Diagnostic Performance of a Large Language Model in Multimodal Retrieval-Augmented Radiology Report Generation: A Comparative Study with an Experienced Human Reader

Purpose: This study aims to evaluate the diagnostic performance of a large language model (LLM) in multimodal retrieval-augmented radiology report generation for chest radiographs, comparing its performance with that of an experienced human reader.
Materials and Methods: This retrospective study included 800 anonymized chest radiographs obtained from five clinical settings: screening, outpatient non-respiratory clinics, outpatient respiratory clinics, inpatient wards, and emergency departments. The evaluation focused on posteroanterior and anteroposterior radiographs, with chest computed tomography (CT) performed on the same day or within one week serving as the standard reference. Diagnostic accuracy and report quality (assessed using a 5-point Likert scale) were compared between LLM-generated reports and those from an experienced human reader, using the McNemar test for diagnostic accuracy and the Wilcoxon Signed-Rank test for report quality. Efficiency was assessed by measuring the time required for LLM interpretation, and hallucinations in the generated reports were analyzed to evaluate the reliability of LLM interpretations.

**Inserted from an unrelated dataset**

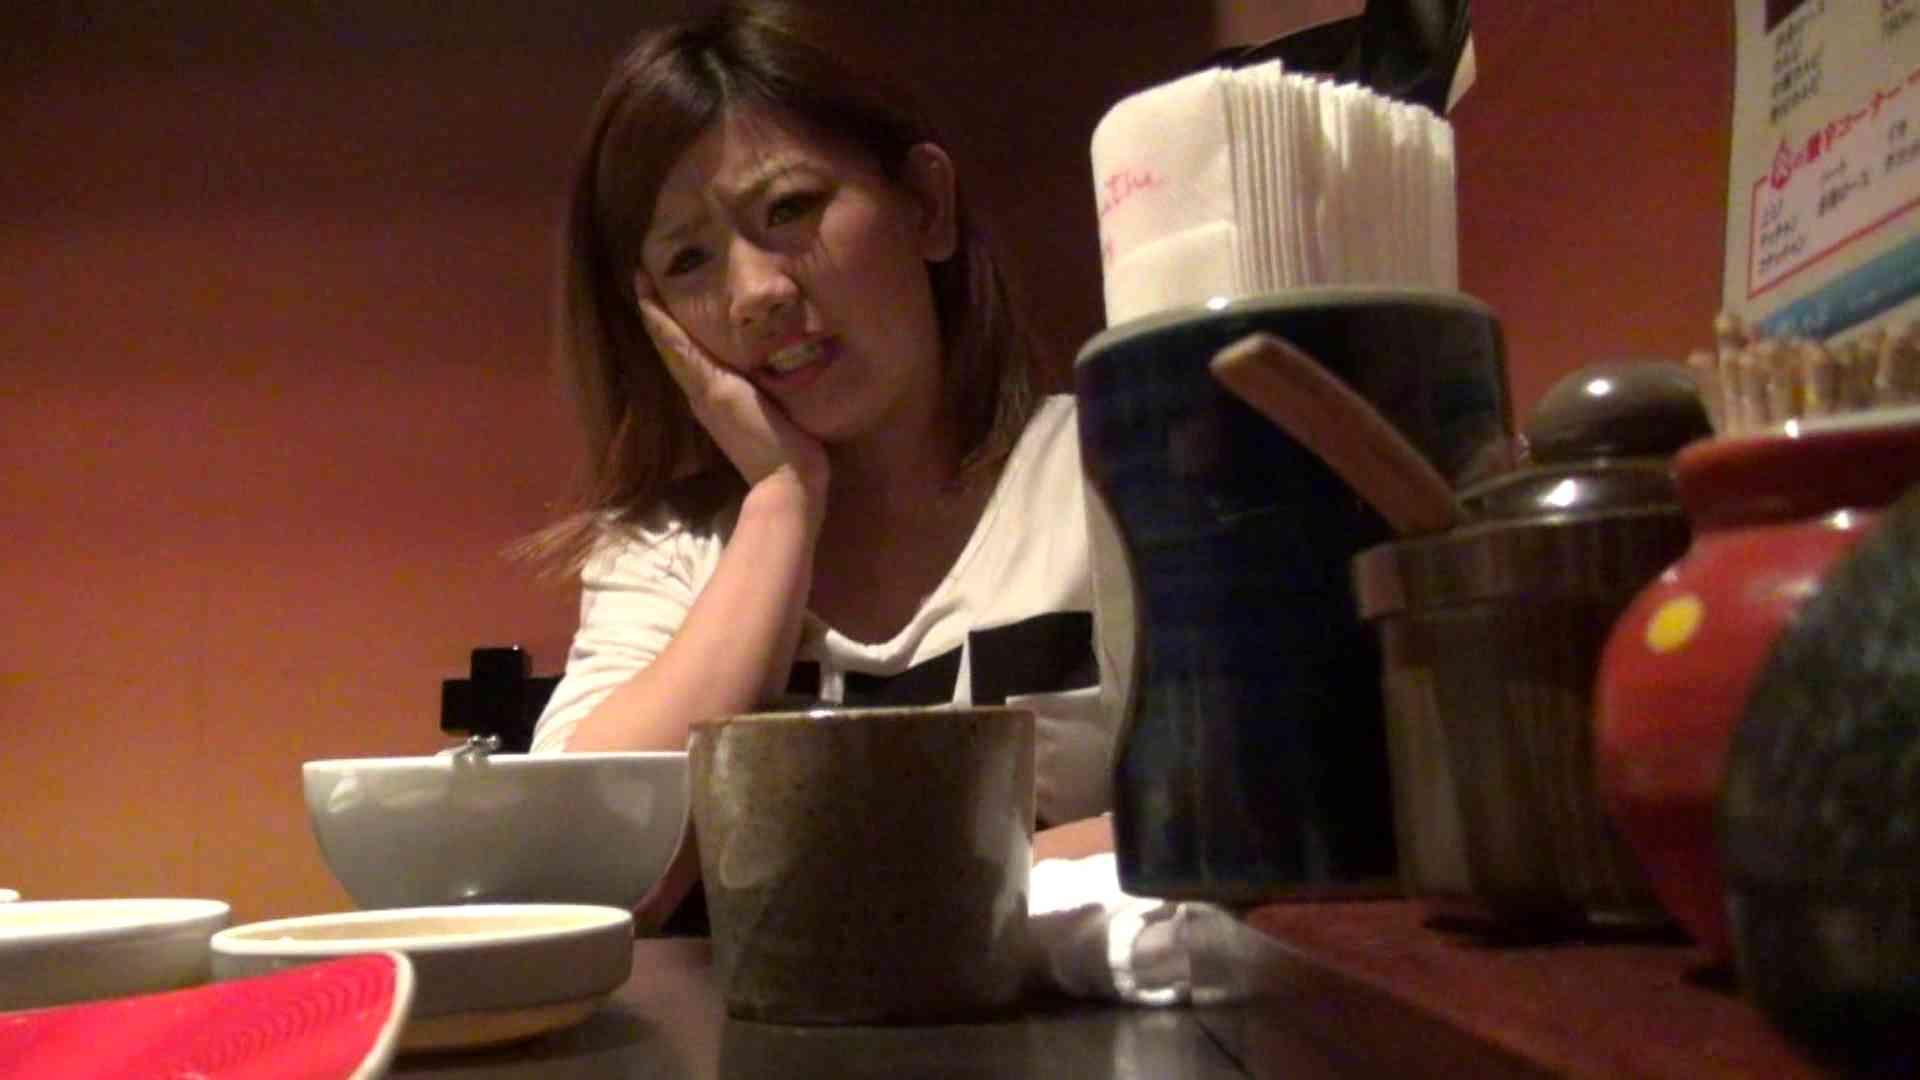 【出会い01】大助さんMちゃんと食事会 エッチすぎる友人   悪戯  54連発 47

Results: The human reader achieved an overall diagnostic accuracy of 91.5% (732/800), significantly higher than the LLM's accuracy of 66.9% (535/800) (P < 0.001). The average Likert score for report quality was 4.53 for the human reader and 3.43 for the LLM (P < 0.001). The LLM demonstrated a hallucination rate of 5.6% (45/800). The mean reporting time for the LLM was 3.4 seconds (SD 0.9), ranging from 2.0 to 9.6 seconds. Across all clinical settings, the human reader consistently achieved higher diagnostic accuracy than the LLM (all P < 0.001). The highest accuracy for both was observed in the screening setting (96.3% [154/160] vs. 84.4% [135/160]), while the largest performance gap occurred in outpatient respiratory clinics (89.4% [143/160] vs. 55% [88/160]). In inpatient wards and emergency departments, the human reader maintained accuracies above 90%, significantly outperforming the LLM (63.8% [102/160] and 65% [104/160], respectively).
Conclusions: These findings underscore the superior diagnostic accuracy and report quality of the human reader across all clinical settings. However, the LLM demonstrated acceptable diagnostic accuracy in screening examinations, highlighting its potential utility in specific scenarios where efficiency and scalability are prioritized.